GPT-1 had 117 million parameters. Its 10x scaled successor, GPT-2, could actually generate coherent text! GPT-3, with 175 billion parameters, was made receptive to prompting and called ‘InstructGPT’; which in turn formed the basis of ChatGPT. GPT-4 was rumoured to have nearly 1.8 trillion parameters. Between 2018 and 2024, exponentialism played out impressively. In late 2022, AI researcher and educator Andrej Karpathy said on the Lex Fridman podcast that the zeitgeist was “don’t touch the transformer, touch everything else; scale up data; scale up evaluations”. Even experts were fascinated by scaling leading to emergent capabilities. Many felt that there could, after all, be a magical number of parameters on the horizon, which would unlock true intelligence. The journalist Karen Hao has dedicated an entire chapter in her book, Empire of AI, to scaling. She writes,
The scaling doctrine had become so ingrained that some are even beginning to view it as something of a natural phenomenon. Scaling compute is the way, not just a way, to reach more advanced AI capabilities. …the neglected paths of improving the neural network itself or even the quality of its training data can significantly reduce the amount of expensive compute needed to reach the same performance. That’s not even considering the approaches that move away from deep learning.14
Drawing a parallel to Moore’s Law, she further writes,
OpenAI’s Law, or what the company would later replace with an even more fevered pursuit of so-called scaling laws, is exactly the same (as Moore’s Law). It is not a natural phenomenon. It’s a self-fulfilling prophecy.

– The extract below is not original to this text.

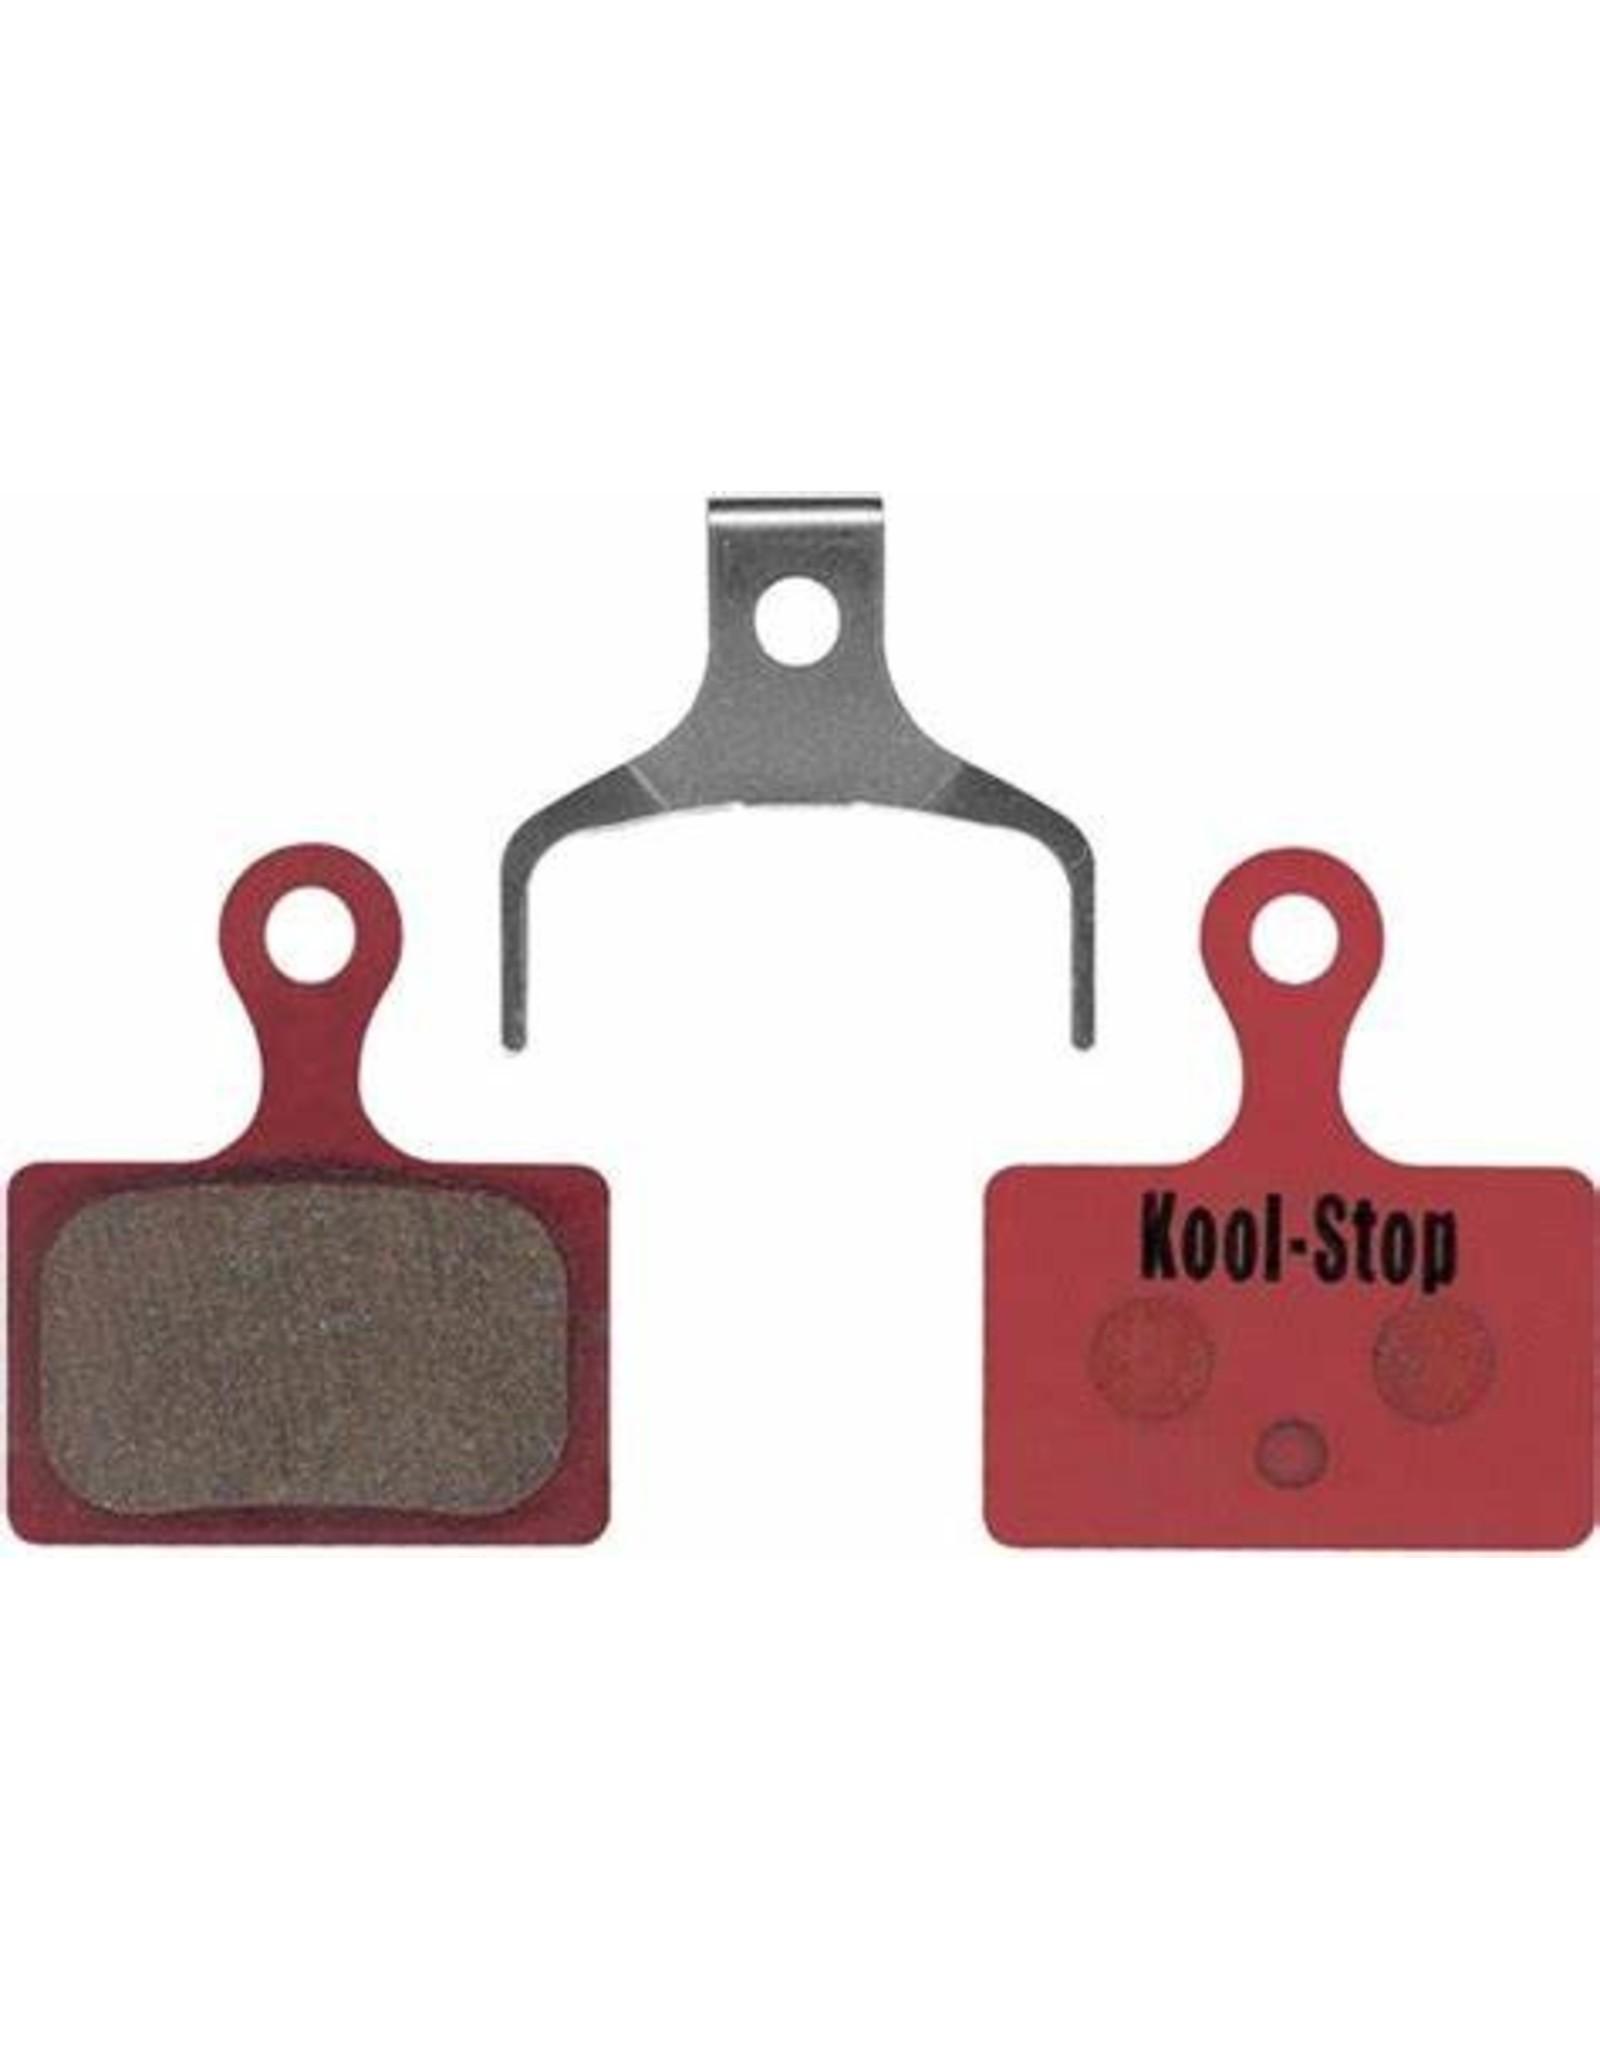 Kool Stop Kool-Stop Shimano Organic Direct Mount RS505/RS805 Road Disc Brake Pads Steel Plate #KS-D625
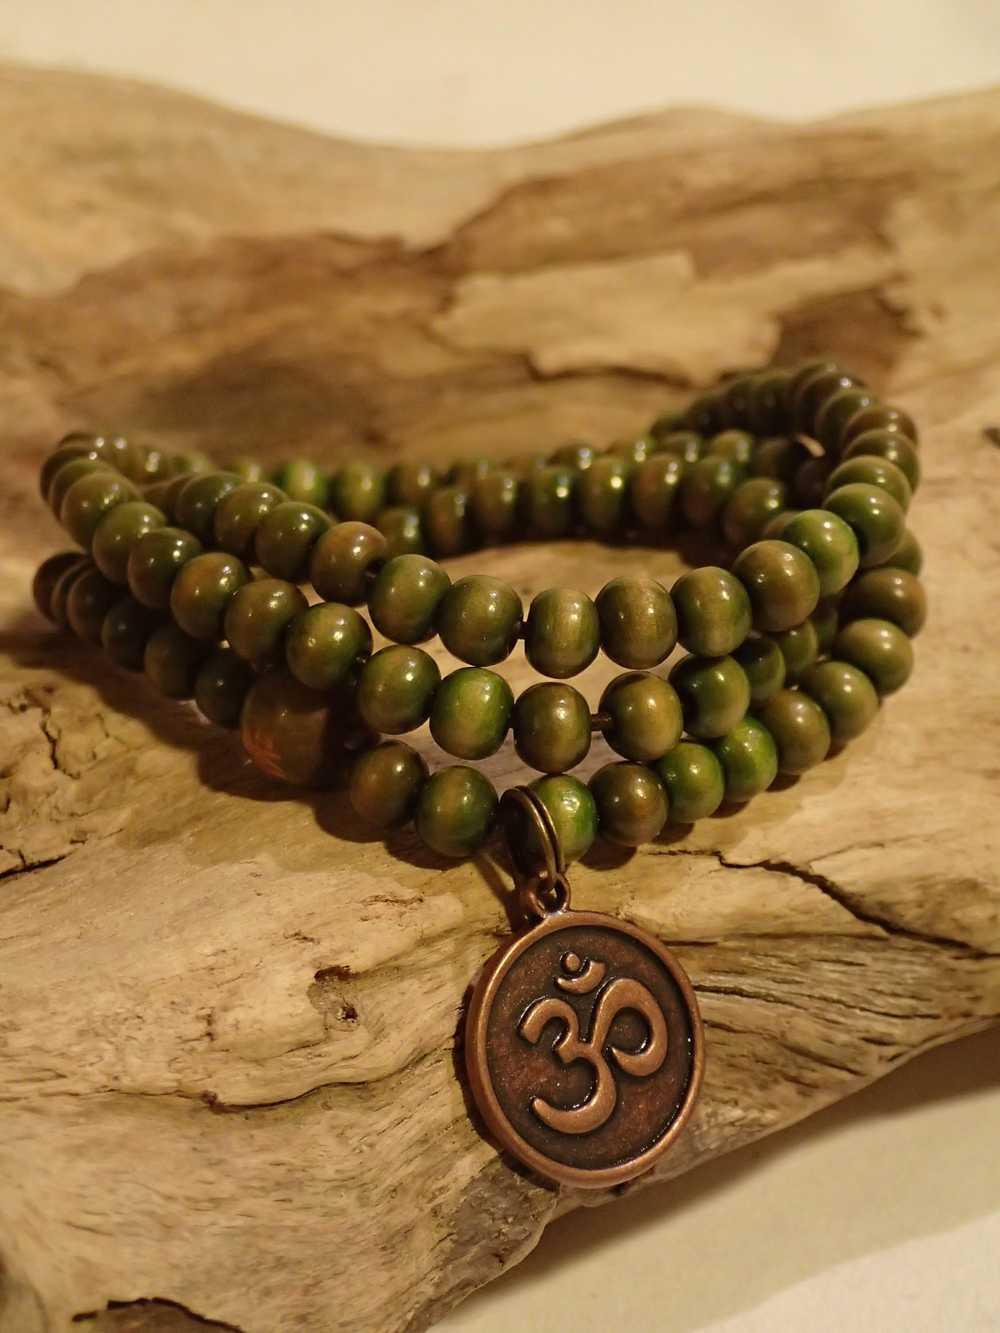 Atome-Crochu-_-product-_-collier-bracelet-mala-tibetain-en-bois-et-om-indien-01

Even if this outright equivalence to Moore’s Law, and Kurzweil’s Law is accepted, there’s a more fundamental idea which needs to be questioned. Is deep learning—as pioneered by McCulloch & Pitts, improved by Rosenblatt, and generalized by Hinton—a good approximation of the human brain? To what extent can hyperconnected, massive networks of artificial neurons be grown to match human intelligence? They certainly lend themselves to scaling, but how far can we stretch this approximation?
Yann LeCun, one of the champions of deep learning, doubts that scaling LLMs alone will get us to human-level intelligence15. But another pioneer of scaling, and co-founder of OpenAI, Ilya Sutskever, appears to be religiously committed to the idea. Hao wrote in The Atlantic,
Sutskever began to behave like a spiritual leader… His constant, enthusiastic refrain was “feel the AGI”… At OpenAI’s 2022 holiday party, Sutskever led employees in a chant: “Feel the AGI! Feel the AGI!”
His religious zeal for scaling was clearly infectious. Dario Amodei, previously VP of research at OpenAI and then founder of Anthropic said on Dwarkesh Patel’s podcast16,
One of the first things Ilya Sutskever said to me was, “Look. The models just want to learn. You have to understand this. The models just want to learn. It was a bit like a Zen koan. I listened to this and I became enlightened.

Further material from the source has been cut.